EP52A-06:
Controls on the abruptness of gravel-sand transitions

Friday, 19 December 2014: 11:35 AM
Jeremy G Venditti1, Michael A Church2, Michael P Lamb3, Natalia Domarad1 and Colin D Rennie4, (1)Simon Fraser University, Burnaby, BC, Canada, (2)University of British Columbia, Vancouver, BC, Canada, (3)California Institute of Technology, Pasadena, CA, United States, (4)University of Ottawa, Ottawa, ON, Canada
Abstract:
As gravel-bedded rivers fine downstream, they characteristically exhibit an abrupt transition from gravel- to sand-bed.
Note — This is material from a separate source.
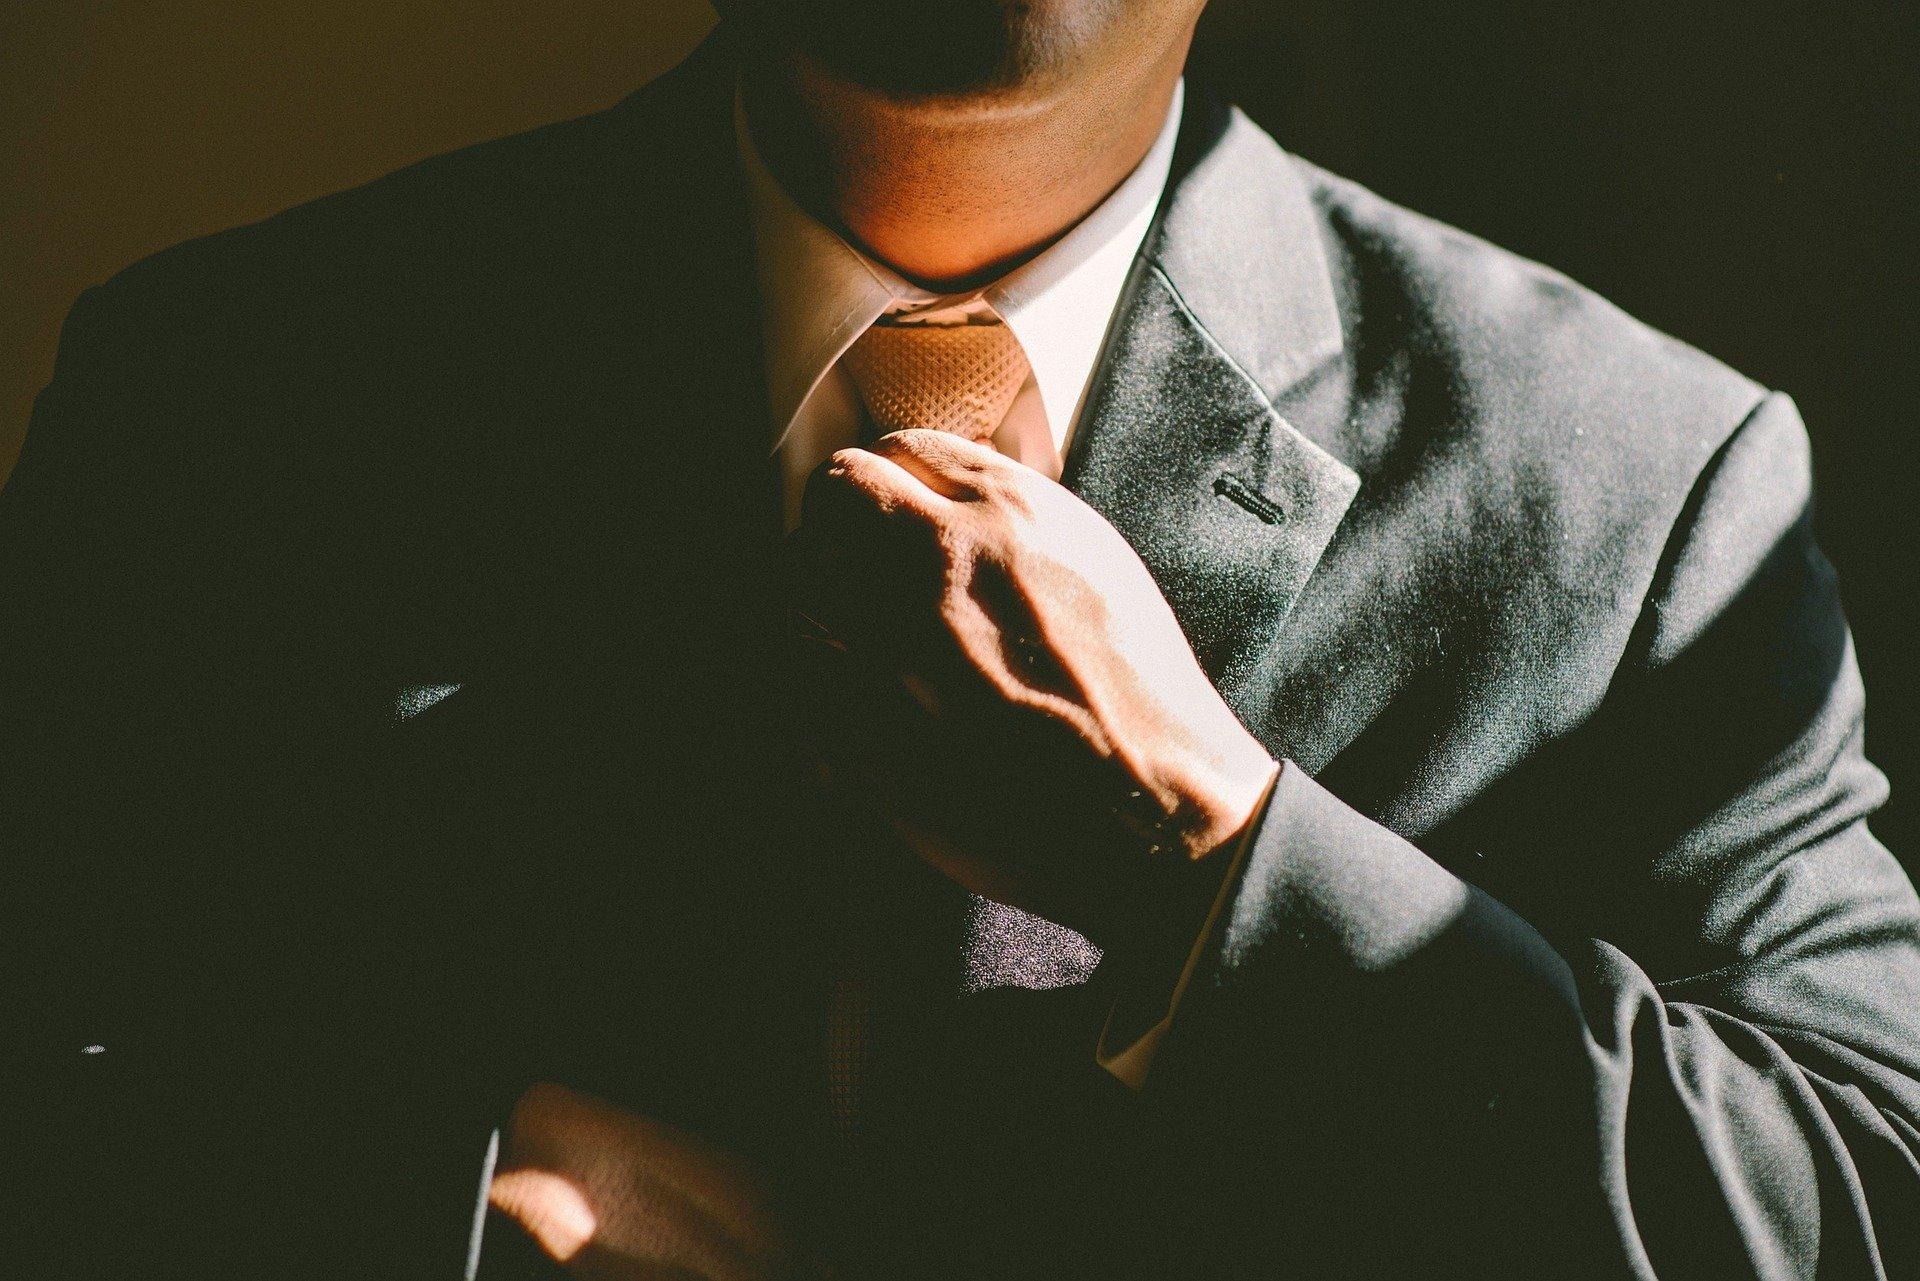 Niewątpliwie najszybciej decyzje o zmianie pracy podejmą młodsze osoby (fot. Pixabay)

This is the only abrupt transition in grain-size that occurs in the fluvial system and has attracted considerable attention. A number of competing theories have been proposed to account for the abruptness of the transition, including base-level control, attrition of ~10mm gravel to produce sand, and sediment sorting processes. The prevailing theory for the emergence of abrupt transitions is size selective sorting of bimodal sediment wherein gravel deposits due to downstream declining shear stress, fining the bedload until a sand-bed emerges. We explored this hypothesis by examining grain-size, shear stress, gravel mobility and sand suspension thresholds through the gravel-sand transition (GST) of the Fraser River, British Columbia. The Fraser GST is an arrested gravel wedge with patches of gravel downstream of the wedge forming a diffuse extension. There is an abrupt change in bed slope through the transition that leads to an abrupt change in shear stress. The GST, bed-slope change and backwater caused by the ocean are all coincident spatially, which enhances the sharpness of the GST. Interestingly, the bimodal reach of the river occurs downstream of the GST and exhibits no downstream gradients in shear stress, suspended sediment flux, gravel mobility or sand suspension thresholds. This calls into question the prevailing theory for the emergence of an abrupt GST by size selective sorting. We provide evidence, both empirical and theoretical, that suggests the emergence of an abrupt GST is caused by rapid deposition of sand when fine gravel deposits. We argue that the emergence of gravel-sand transitions is a consequence of gravel-bedded rivers adopting a steeper slope than sand-bedded rivers. The abruptness arises because the bed slope required to convey the gravel load fixes the distal location of a terminal gravel wedge, and once the river has lost the capacity to carry the gravel mixture, the river adopts the lower slope required to pass the sand load. Progressive downstream fining of a gravel-sand mixture is not a necessary condition for the emergence of a gravel-sand transition.